A finales de la década de los 60 parecía que la Unión Soviética podía ganar la partida, pero pocos años después, el movimiento estudiantil se desgastó, y era evidente que la calidad de vida de la clase trabajadora europea era de las más altas del mundo. A finales de la década de los 80 la contrapropaganda puso en evidencia el atraso económico y social de la Unión Soviética, y así fueron desarrollándose los acontecimientos hasta que en 1.991 la U.R.S.S. desapareció.
Fidel Castro y Kruschev en la Plaza Roja de Moscú.
El final de la Guerra Fría y de la política de bloques marcó el comienzo de un tiempo nuevo. El gran adversario había sido vencido y ahora el centro de interés internacional se había desplazado hacia el Próximo y Medio Oriente. En el plano estratégico Europa ya no era el punto más caliente del planeta, esto tuvo consecuencias económicas sociales y políticas importantes.
La socialdemocracia, que tan eficaz se había mostrado en otro tiempo, ya no era tan necesaria; las posiciones políticas comenzaron a polarizarse. Además, la socialdemocracia era un sistema que salía muy caro de mantener, pues solo era posible con unos impuestos muy altos en una economía próspera en la que la rentabilidad de inversores y empresarios fuese muy alta.
A finales del Siglo XX la perspectiva no era muy buena.
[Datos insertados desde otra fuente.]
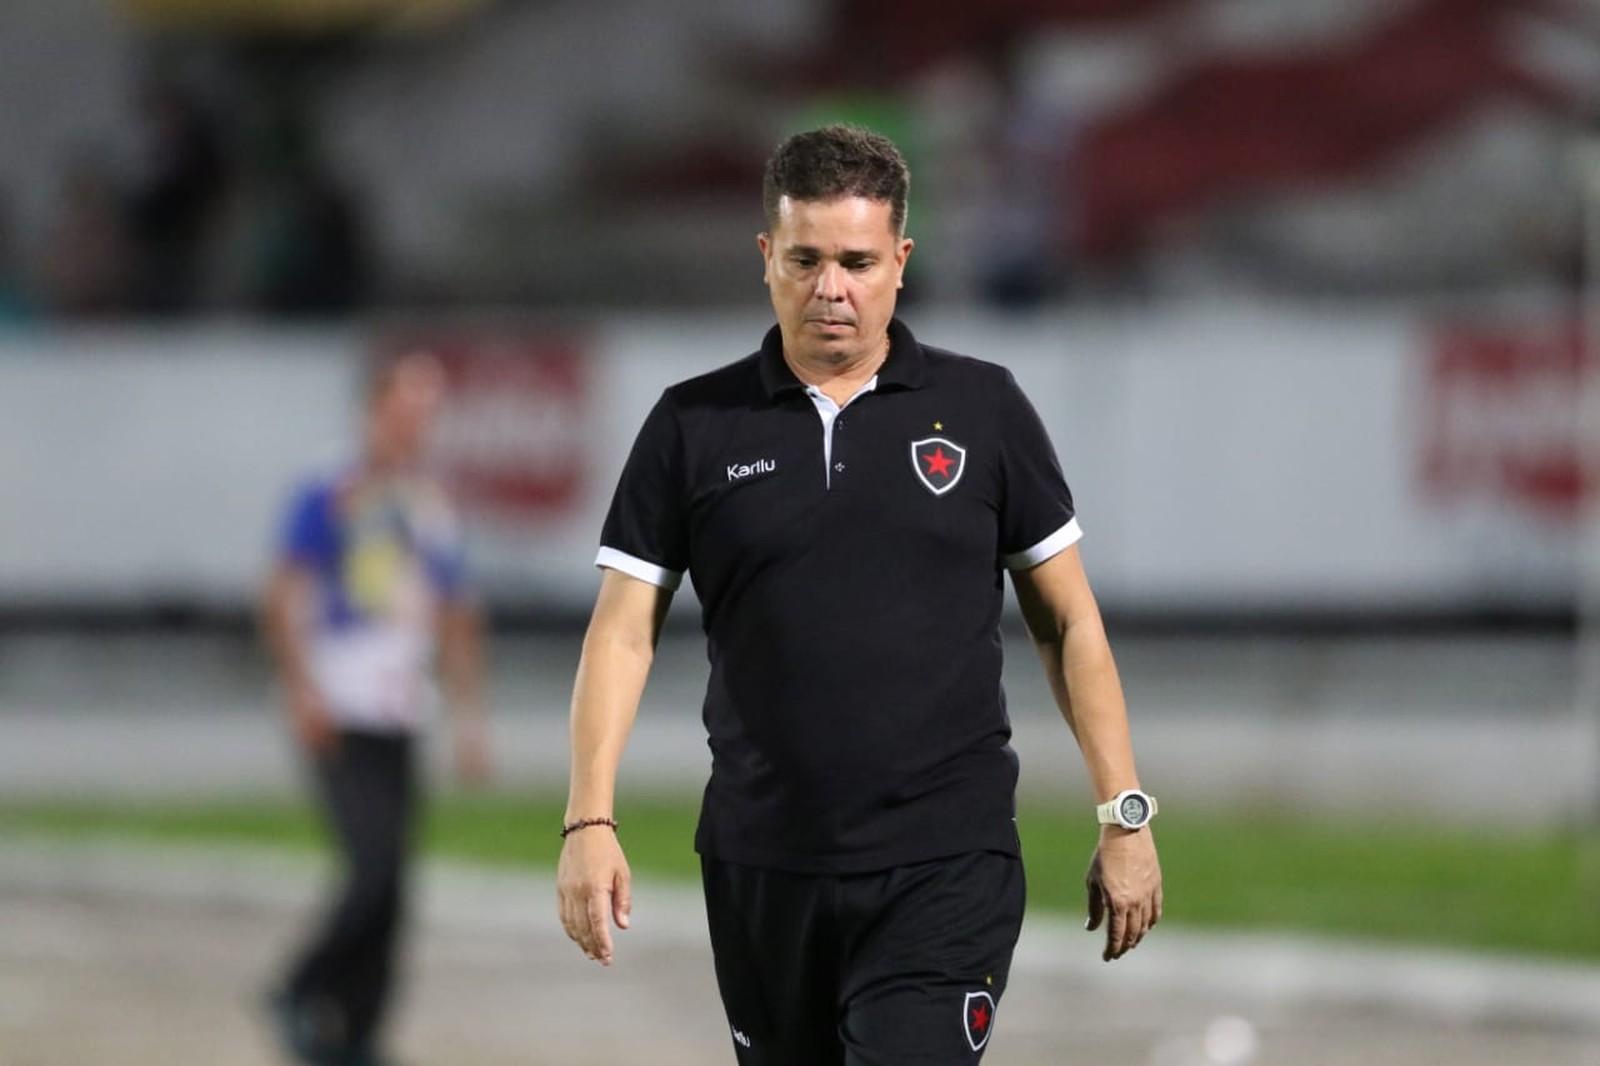 O legado de Evaristo Piza no Botafogo/PB

En 1914 los Estados de Europa eran los dueños de la mayor parte del planeta, treinta años después Europa estaba devastada y había pasado a un segundo plano; por otra parte, la mitad del continente se encontraba bajo un régimen totalitario donde los individuos carecían de derechos. Era evidente que Europa, como civilización, había fracasado.
Sin embargo, la socialdemocracia y los tratados de cooperación europea habían construido una serie de estructuras económicas y políticas que estaban manejadas por una clase política que podemos llamar comunitaria. Esta clase había actuado de manera eficiente durante la política de bloques y había conseguido establecer una densa red de intereses comunes entre los Estados de Europa Occidental. Cuando a comienzos de la década de los 90 se produjo la desaparición de la Unión Soviética y la reunificación alemana, estos políticos comunitarios trazaron un plan para continuar manejando los hilos de la política europea; no por amor a ningún proyecto de unión de los pueblos de Europa, como asegura la retórica utilizada, sino por el simple y, en el fondo, más sano instinto de supervivencia.
Así, en 1992, inmediatamente después de la desaparición de la U.R.S.S., se firmó el Tratado de Maastricht, por el cual se dieron los primeros pasos hacia la construcción de un Estado federal provisto de una moneda única y un banco central europeo.
Fracaso de los grupos dirigentes europeos en el Siglo XX e instinto de supervivencia y audacia política en los grupos dirigentes de comienzos del Siglo XXI; historia de un continente caído en desgracia e historia de un futuro incierto.